Первое, что мне попалось на глаза, это фраза, которую я и сейчас могу повторить без запинки и которая сообщала читателю, что “до войны в Вильнюсе жило около шестидесяти тысяч евреев”, после войны “осталось менее двух тысяч”, а ныне – “не более тысячи двухсот человек”. И чуть ниже: “Сегодня из ста шести синагог, существовавших в 1940 г., в городе осталась всего одна”.
Мой фильтр мгновенно исчез. Я вернулся в суровую реальность, купил путеводитель и стал читать подряд: раздел “Ремесла, кухня и история”, потом раздел “Самое главное”, состоящий из двух подразделов: “Сделать” и “Осмотреть”, где говорилось, что с башни Гедимина “открывается незабываемая панорама”. До минского поезда оставалось еще несколько часов, и я решил послушаться путеводителя и посетить эту самую башню, “сорокавосьмиметровое сооружение из красного кирпича, увенчанное мачтой с трехцветным литовским флагом”; во времена Пекельного на ней по очереди реяли то польский двухполосный, то советский с серпом и молотом, то фашистский со свастикой, то опять советский герб, впрочем, вторично увидеть его Пекельному было не дано, равно как не дано узнать, что этот город, куда я приехал чуть не сто лет спустя, его Вильнюс, тот, который сам он называл Вильно и который, кроме того, как я узнал из путеводителя, перед войной называли “литовским Иерусалимом”, почти исчез, поглоченный, как Атлантида, коричневой и красной стихиями, – тот Вильнюс, о котором в разделе “Ремесла, кухня и история” было сказано, что он “лишился почти всех евреев”, стал judenrein[6], как выразились бы нацисты.

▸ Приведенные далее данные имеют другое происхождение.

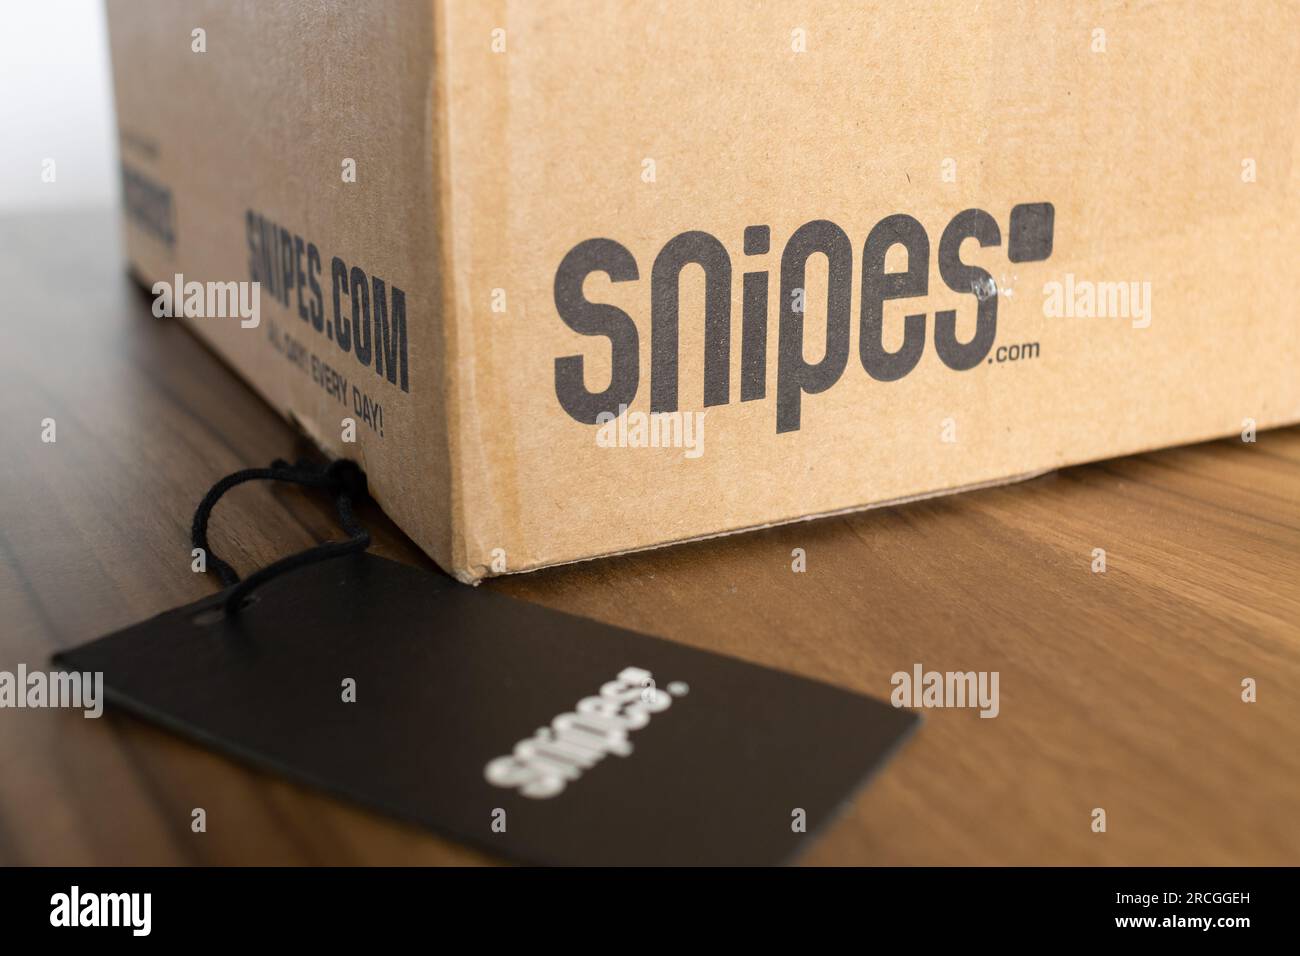 Paket mit dem Snipes Logo. Online-Shopping für Straßenmode und Bekleidung. Konsumerismus durch Geschäftsmodelle im elektronischen Handel. Stockfoto

Когда-то я несколько месяцев прожил в Венеции. Вставал на рассвете, примерно в полдень (в пяти-шести часовых поясах от Венеции это и впрямь рассвет), и шел завтракать на кампо Санта-Мария-Формоза, выбирал всегда одно и то же: una brioche a la crema e una cioccolata calda[7], потом целый час читал, лежа на бронзовой крышке колодца посредине площади или же прислонясь спиной к его каменной, без всяких украшений, тумбе, затем возвращался домой и писал дотемна, вечером же надевал шорты, футболку, кроссовки и, экипированный должным образом, выходил на пробежку. А ровно через сорок пять минут останавливался, где бы ни очутился, и устраивал передышку, любуясь на то, что было перед глазами, чаще всего – на воду и плывущие по ней суда и суденышки: вапоретто, байдарки, фрегаты, траулеры, теплоходы, пироги и ялики, яхты, шлюпки, скорлупки и прочие лодки, в том числе, разумеется, гондолы, снующие по каналам или стоящие у свай в прибрежной тине, спящие под синими чехлами, поочередно кивающие в ритме волн своими гребешками о шести зубцах, будто пальцы пианиста пробегают по клавишам и слышна неумолчная трель – клекот воды о борта. Но случалось мне останавливаться и посреди крохотной темной calle[8] (обычно в такие проулки набивается по ночам венецианский молодняк – обходят меж чужих стен и под открытым небом родительский запрет – “только не в моем доме!”), перед закрытой дверью и долго, внимательно разглядывать ее детали: раму, карниз, петли, косяк, наличники, верхнюю и нижнюю поперечину, брусья, золоченую ручку в виде головы мавра, молоток, зажатый в львиной пасти, и т. д. … или же на Дзаттере, самой красивой набережной в мире, ну, или на Рива-дельи-Скьявони – тоже местечко неплохое.
Каналетто. Площадь Святого Марка. Около 1740 г.
Масло, холст. Музей Жакмар-Андре.
Однажды вечером мой забег закончился именно там, у отеля “Даниели”, близ площади Святого Марка, я перевел дух под ажурной двухъярусной колоннадой Дворца дожей, а разминаясь перед полумечетью “с покатым и выпуклым полом”, которая именуется базиликой[9], вдруг заметил прямо перед ней три высоченные красные мачты, установленные на бронзовых пьедесталах с тонкой резьбой, которых прежде никогда не видел. Наверно, их поставили недавно, решил я и больше об этом не думал.
Прошло несколько месяцев, и как-то раз, уже в Париже, я забрел в музей Жакмар-Андре (случай сам по себе исключительный, поскольку вообще-то, надо вам сказать, меня от музеев тошнит). И наткнулся там на полотно ведутиста Каналетто, влюбленного в Венецию: “Площадь Святого Марка” (1740).
9
Автор цитирует французского писателя Поля Морана, который в своей книге “Венеции” (1971) назвал собор Святого Марка “мечетью, покатый и выпуклый пол которой словно устлан молитвенными ковриками”.